Pada realitas yang terjadi, kesesuaian-kesesuaian teoritik yang ada memang tidak selalu
berjalan mulus. Dengan dengan segala konflik ketatanegaraan yang pernah terjadi
terlihat bahwa bangsa Indonesia selalu berkembang sebagai cara untuk mewujudkan
tujuan bangsa Indonesia sebaik-baiknya. Para pendiri negara, presiden, dan jajaran
pejabat tinggi negara lainnya hanyalah manusia biasa yang dapat berbuat salah, namun
berpatokan dengan pasal 1 ayat 3 UUD 1945 “negara Indonesia adalah negara
hukum” menjadi penegasan bahwa hukum dasar di Indonesia harus lah dibuat serinci
mungkin agar pemerintahan dapat berjalan sesuai yang diharapkan.
Referensi

Abdul Mukhtie Fadjar. 2006. Hukum Konstitusi dan Mahkamah Konstitusi, Jakarta-
Yogyakarta: Konstitusi Press dan Citra Media.

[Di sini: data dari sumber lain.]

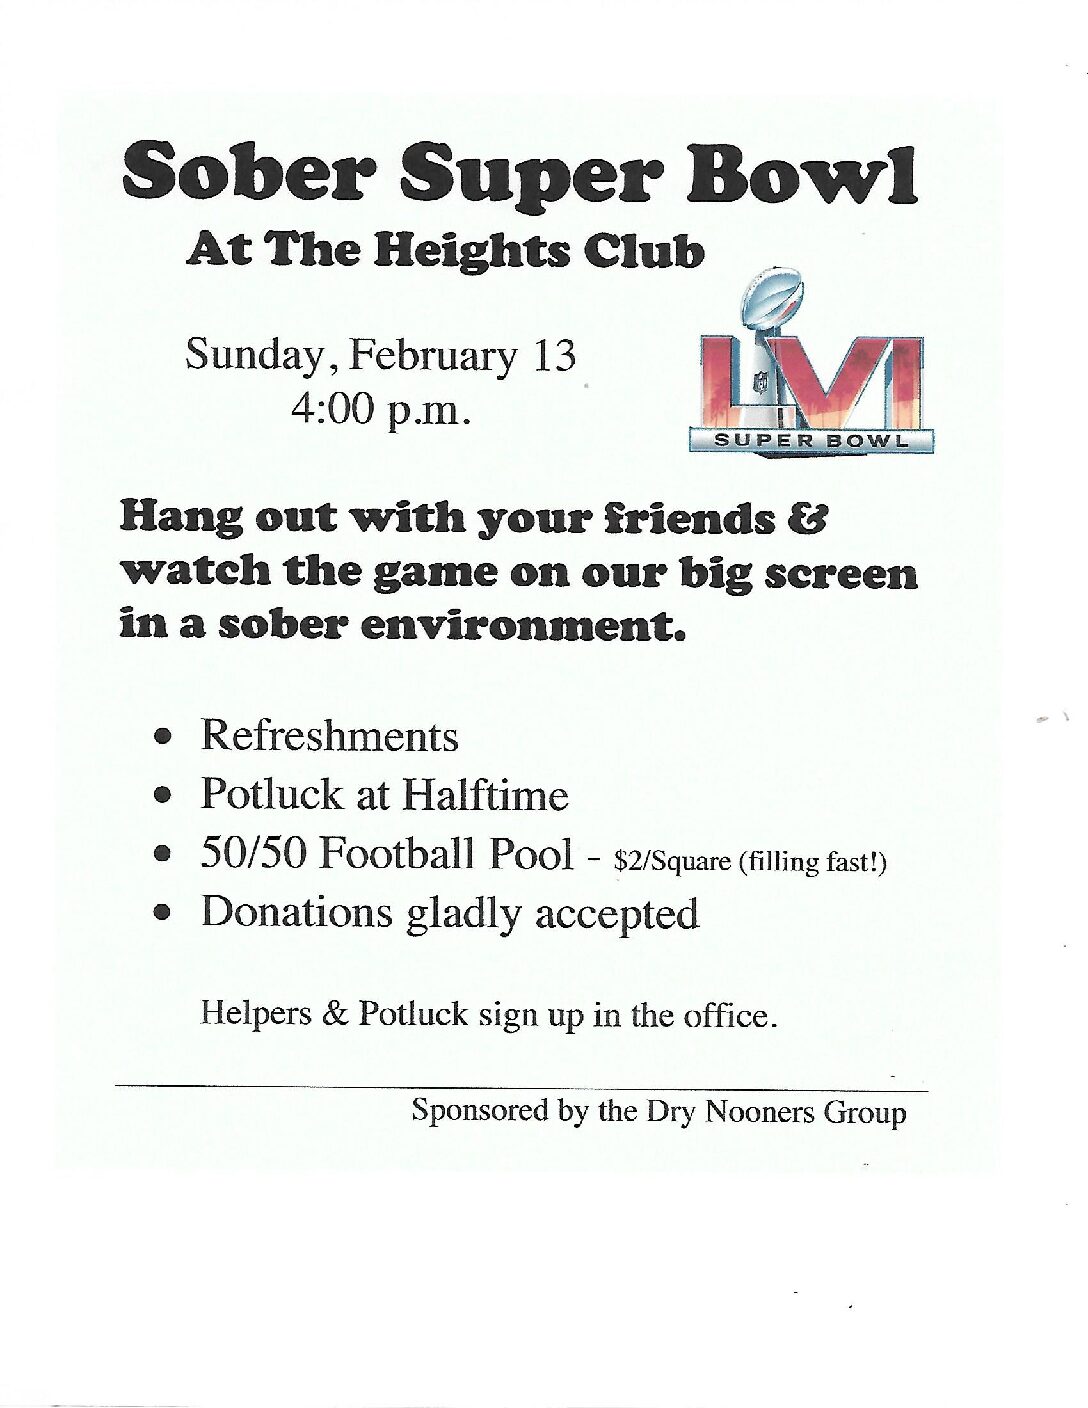 Super Bowl at the Heights Club
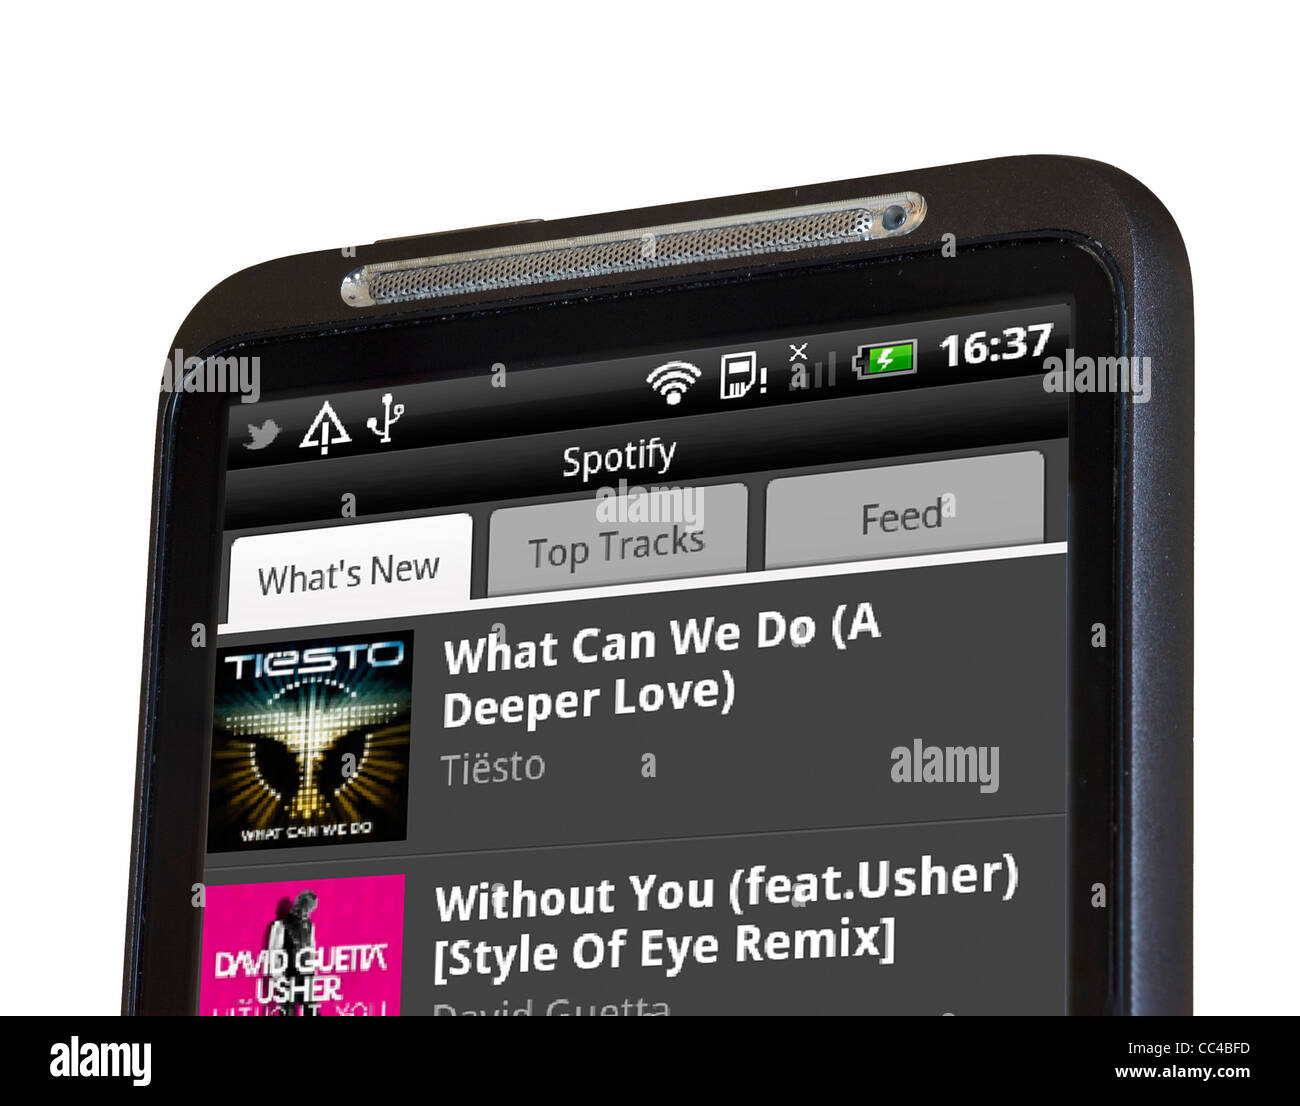 The internet music site Spotify on an HTC smartphone Stock Photo

Sunarto, (2016). Prinsip check and balances dalam system Ketatanegaraan Indonesia.
Masalah - Masalah Hukum, Jilid 45. 157-163

Sanusi, H. A. (2009). Relasi antara korupsi dan kekuasaan. kontitusi.

sulardi. mewujudkan check and balances dalam penyusunan undang undang.

windarawan, p. (2012). Pergeseran Kekuasaan Tipologi Ketiga. Jurnal Konstitusi.